The study has several limitations. First, it is an exploration based on reported autopsy results, combined with anatomy, pathology and radiology analyses, rather than a strict comparison between pathological specimens and imaging, which would require further pathological studies. Second, we were only able to obtain follow-up chest CT images from a small number of patients, which limited our ability for dynamic observation. Third, we did not compare using known semiquantitative scoring methods, but shared our common scoring method.

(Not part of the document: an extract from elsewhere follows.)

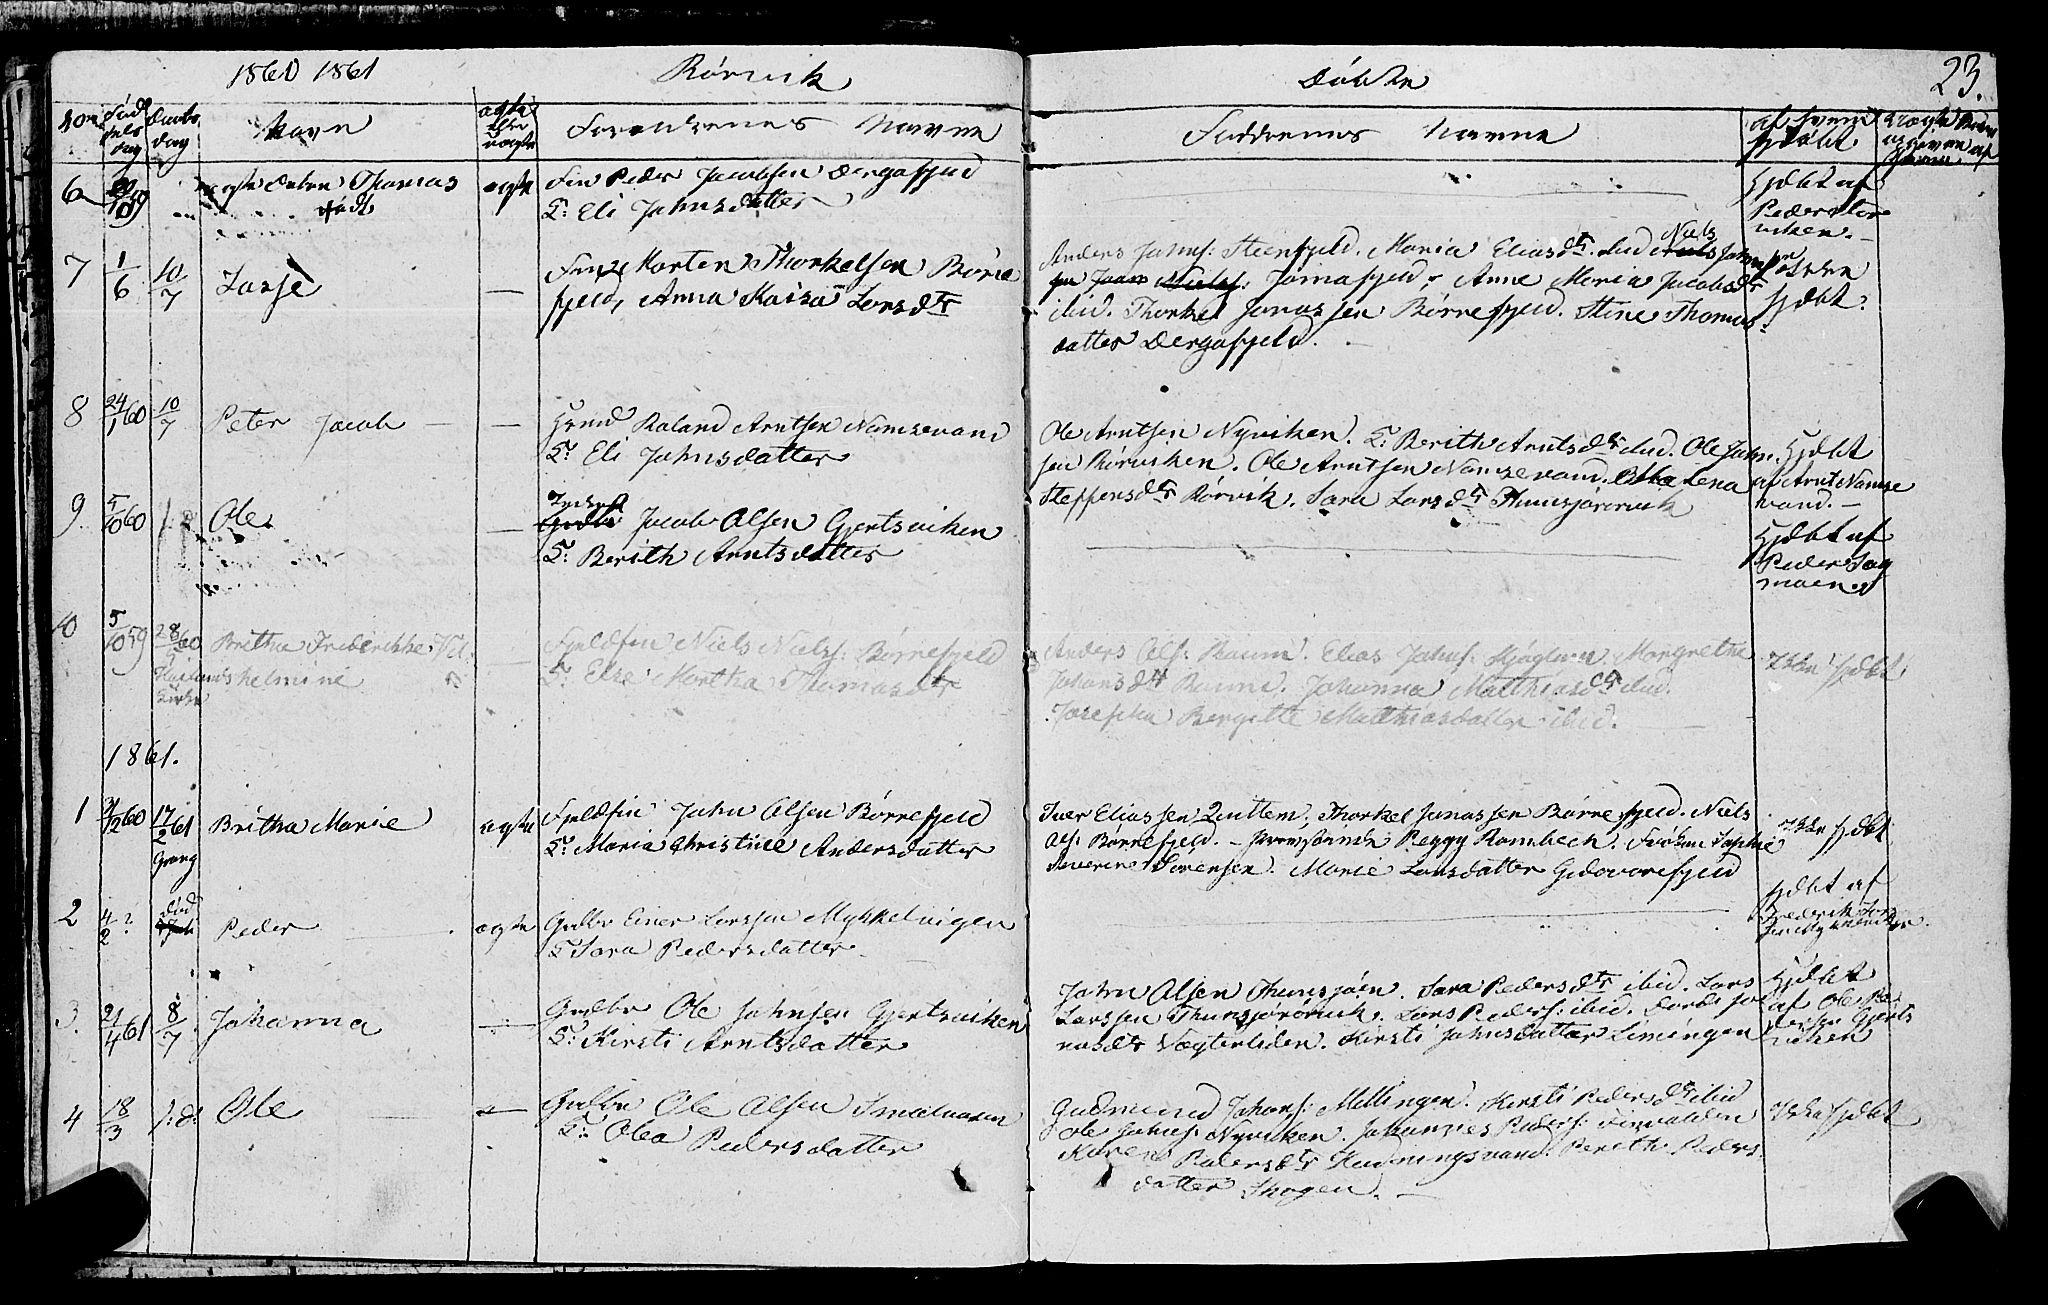 SAT, Ministerialprotokoller, klokkerbøker og fødselsregistre - Nord-Trøndelag, 762/L0538: Ministerialbok nr. 762A02 /1, 1833-1879, s. 23

In summary, the chest CT findings of COVID-19 showed certain characteristics because of the anatomical features of the human body and pathological changes caused by the virus; semiquantitative scoring of affected lung segments may further elucidate diagnosis and assessment of disease severity. This will assist healthcare workers in diagnosing COVID-19 and assessing disease severity, facilitate the selection of appropriate treatment options, which is important for reducing the spread of the virus, saving lives, and controlling the pandemic. Therefore, chest CT is a valuable tool for facilitating the diagnosis of COVID-19.